Thanks for the info. Turns out we've decided not to stay the night and will just drive up from TO, seeing how Mr. TMM is on days now.


----------



## Garbageman (22 Jun 2006)

There is a rather large professional go-kart race happening in Barrie on the same weekend.  It's down by the water, and is going on both Saturday and Sunday, with FREE admission.

Just a little FYI if anyone feels like visiting the beautiful shores of Kempenfelt Bay before/after the air show.

Also, re: accommodation in Aliston - check out the Red Pine Hotel (smaller, but has a nice indoor pool), or the rather large and extravagant Nottawasaga Inn, both of which are on Highway 89.

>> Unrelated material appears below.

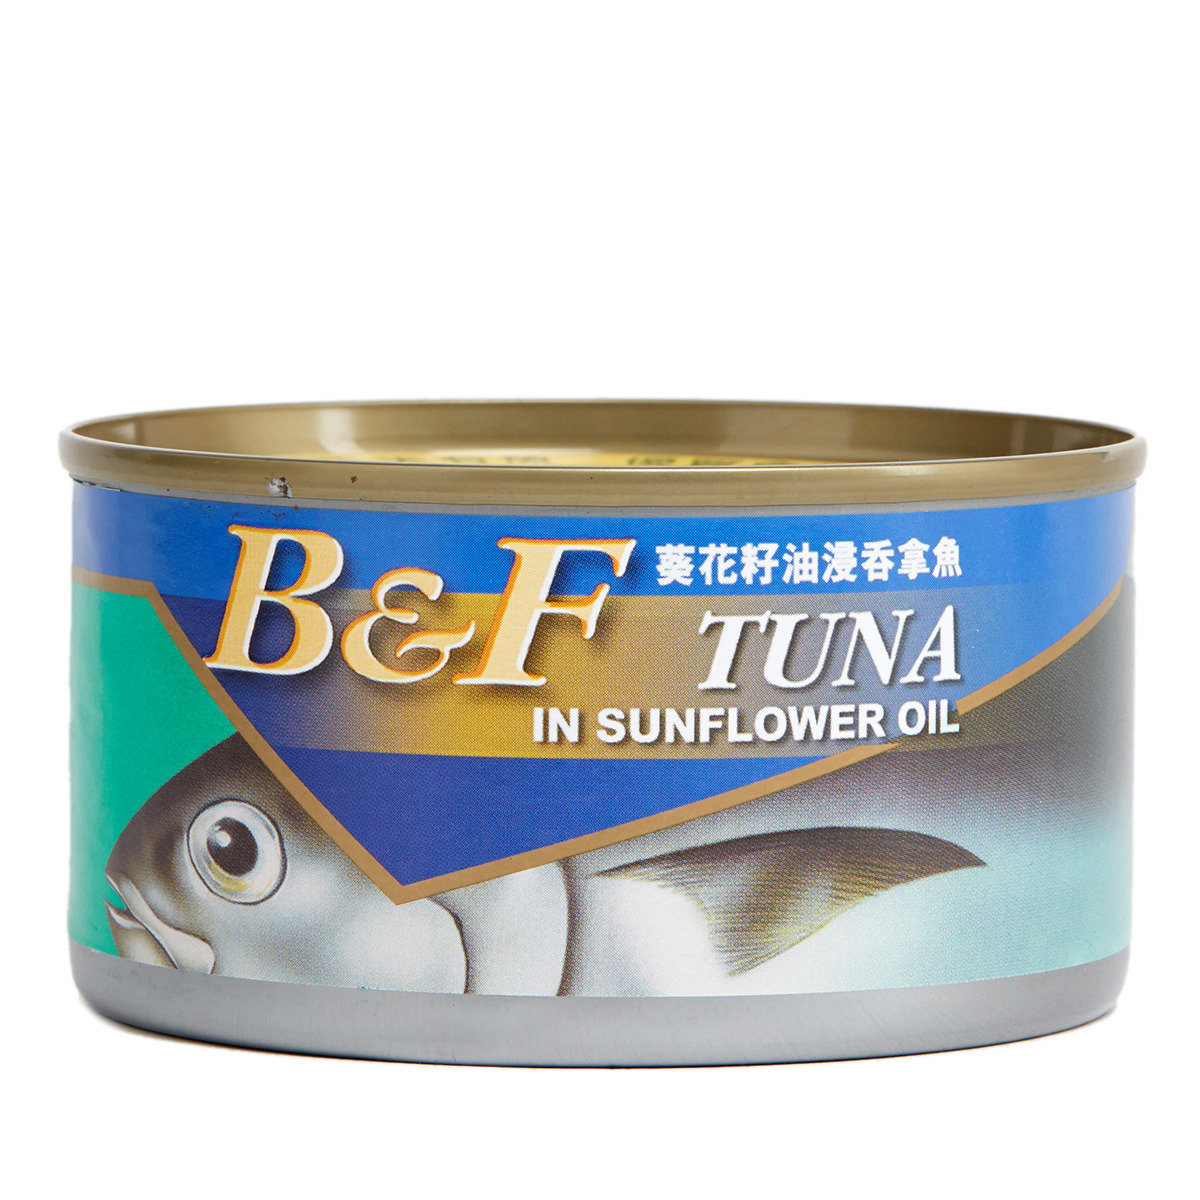 葵花籽油浸吞拿魚

Barrie has 2 Comfort Inns, 2 Travelodges, 2 Holiday Inns, a Best Western and a Howard Johnson (HoJo NOT recommended!).


----------



## foerestedwarrior (23 Jun 2006)

Well the base is all geared up for it. Lots of stuff driving all around my office(on the airfield). Lots of LAV's, M113, Leopard(x1), some old jeeps, a couple HL's, a ton of MOD tentage.......looks like fun. Dont worry anyone that is comming up that doesnt know the base real well. There is alot of signs to direct you to parking.


----------